晚风袭人,月光粼粼映在池水里,荷花在月色下显得更加出水芙蓉,就如同暗夜里的精灵。
凉风,池水,荷花,一景一物都尽显幽静。
看到如此美好的景物,叶妍忽然有了一层罪恶的心理,拿几块石头就使劲往水里砸去,其中一块正中池塘里最美丽的荷花。
命中之后,水波翻涌,荡起一片涟漪。就如同叶妍死寂的内心被外界的事物所激起的连锁反应。
良久,叶妍眼前出现了一个高大黑影。抬眼看去,竟然是刚才陪苏晓散步的沈括。
沈括俯下身来同叶妍的眼睛对视:“这么晚了,这么还不回家。”
“我…”叶妍有些没有反应过来,小声说:“我想看星星。”
女孩的声音柔柔的还带了点儿委屈,由于两个人距离离得太近,沈括明显的感觉到有一层层热气涂在他脸上。
很微妙的感觉。
两个人一起坐在池塘边,沈括学着叶妍仰头看星空:“今晚月色很美。”
“嗯?”
“你也很美,真好。”
叶妍被这句话打的措手不及,不知道眼前的男人到底是什么意思。
看着沈括面目改色的继续赏景,叶妍回过头来暗示自己多想了,只是扑通扑通狂跳的心脏出卖了此时她面上的平静。
叶妍的眼神从皎的月光上面转移到沈括的脸上。
不得不说,男主这刀削面面庞,俊俏的眉峰,冷白的皮肤透露着英气。简直是她了理想长相。
两个人就这么沉默着,直到叶妍哆哆嗦嗦的卷成一团,内心里暗暗骂着这昼夜温差大的鬼地方。
明明是烈日炎炎的夏日,但夜晚和白日的温差竟然这么大,这是要冻死谁啊!
正当叶妍抱怨着没在多穿件衣服时,一件外套便披在了叶妍的肩上。
“走吧,今天太晚了。”沈括拉着叶妍的手准备回家。
“等一下,我……”
察觉到叶妍今天有点不太对劲,沈括低下头温柔的说:“怎么了?是太累了吗?”
“不是,我是说……”虽然已经做好了打算,但叶妍还是有些尴尬。
“我睡在你房间不好吧。”
虽然沈括都是打地铺睡,也没有做什么过界的事情,但是一想到人家都有心爱的女孩儿了自己还这样,属实有些不要脸。
“嗯?”沈括似乎是才反应过来,脸上出现了一丝煞白:“对不起,我考虑的不周到。”
她是嫌弃他了吗?可是明明他每次都打地铺呀!
委屈(/_\)
“不是。”叶妍急忙解释:“你每天都这么忙我还让你打地铺,这些天着实委屈你了。”
不委屈,不委屈啊!
虽然心里千百个不愿意,沈括还是温和的笑着:“那我明天找个房间搬出去,只不过今晚可能就要留宿在妍妍那儿了。”
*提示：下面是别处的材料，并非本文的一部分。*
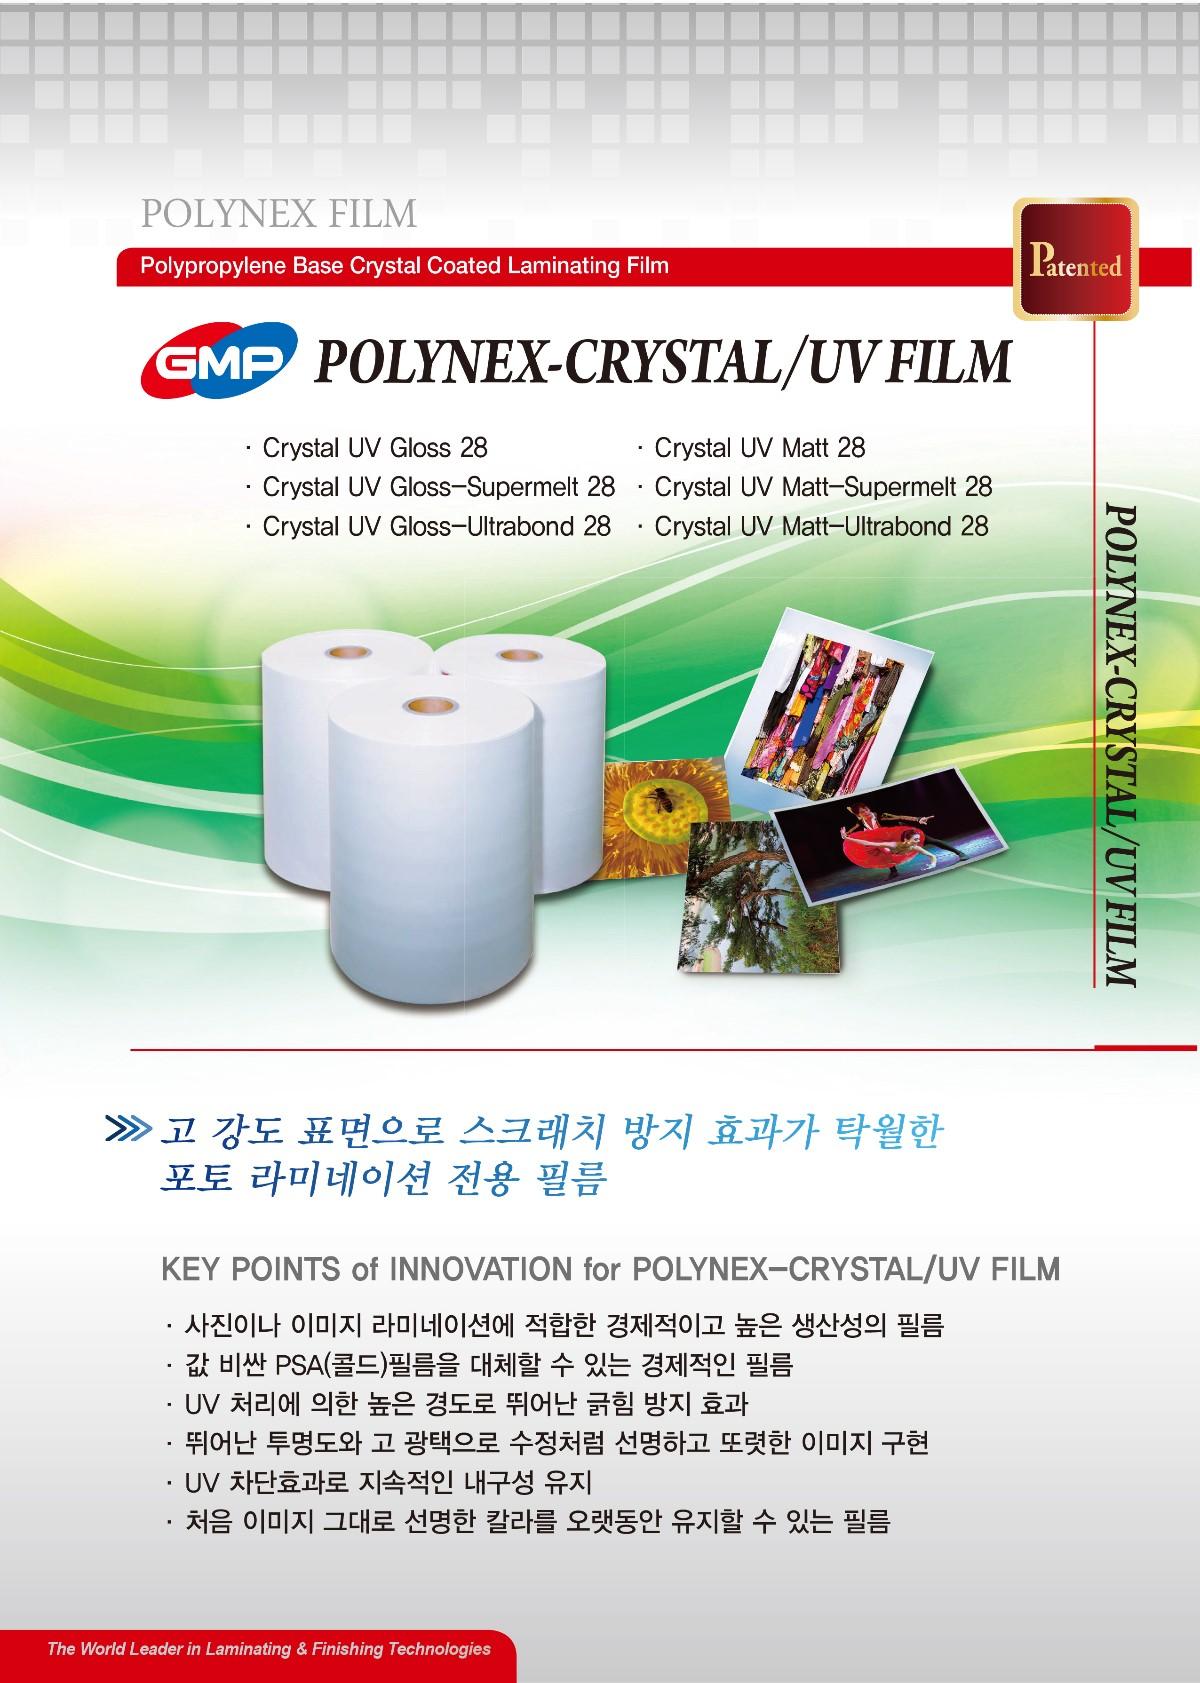 Polynex-Crystal_uv_film_K-1.jpg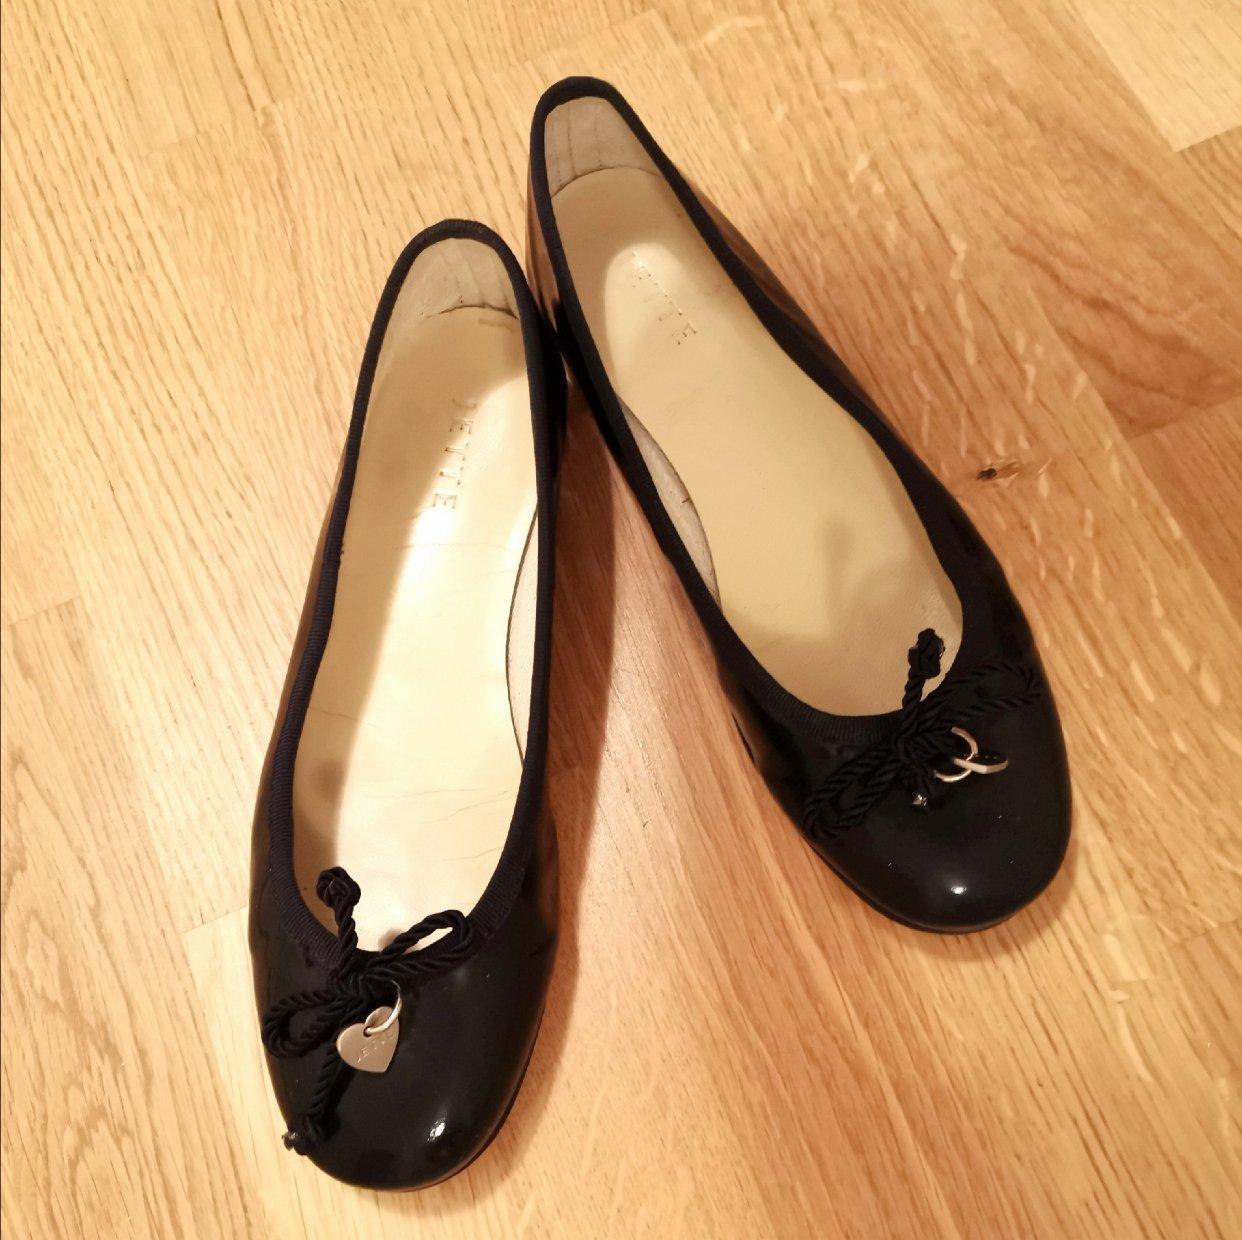 千脚蜈蚣女孩的鞋柜——No.1 平底芭蕾鞋

“那怎么行!”叶妍急忙说:“要搬也是我搬走,毕竟是我抢你的地方。”
沈括没有继续接着说下去,忽然不知从哪儿摸来一串糖葫芦递给叶妍。
看到吃的,叶妍眼里满是光。
“糖葫芦!你从哪儿弄来的?”
看到叶妍开心的吃着,粉嫩的脸颊包着糖葫芦活像个小仓鼠,沈括就忍不住的开心。
这种感觉很奇怪,只要知道她喜欢吃什么就会莫名的给她买,在宫里看到好看的首饰也会想办法第一时间为她弄来,看到她心跳就不由的加快。
是一个麻烦又令人上瘾的东西。
叶妍吃着糖葫芦鬼使神差的问了一句:“你刚才跟苏晓说了些什么?”说完后叶妍才发现自己的这个问题有多么的越界。
察觉到小姑娘不高兴,沈括之前因为要搬走的郁闷心情忽然变好了:“只不过说了些这里管理的方法,没有多久。”
她是在吃醋吧!在吃醋吧(???????)
“只是这样?”叶妍忽然发现自己忍不住想要探寻现在沈括和苏晓的关系。
“当然,我何曾骗过你。”
沈括揉了揉叶妍的头发,溺宠的擦去叶妍嘴角的糖渍。
两个人都没有了其他的言语,他们心中似乎自有定夺,但是两个人都当做什么也不知道。
深夜,叶妍渴急起来喝水,正要倒茶水时便看见沈括蜷缩在地上,额头上不停冒着冷汗。
“这是……中毒了?”
叶妍不敢有什么耽搁,为沈括号脉。许久之后,叶妍的脸上敷上一层凝霜。
到底是谁这么狠毒给沈括下“乱红景”,要知道这毒虽然不会在短时间要人的命,可是每月特定的时间都会发作一次。每次发作会让人感到五骨皆断,令人痛不欲生。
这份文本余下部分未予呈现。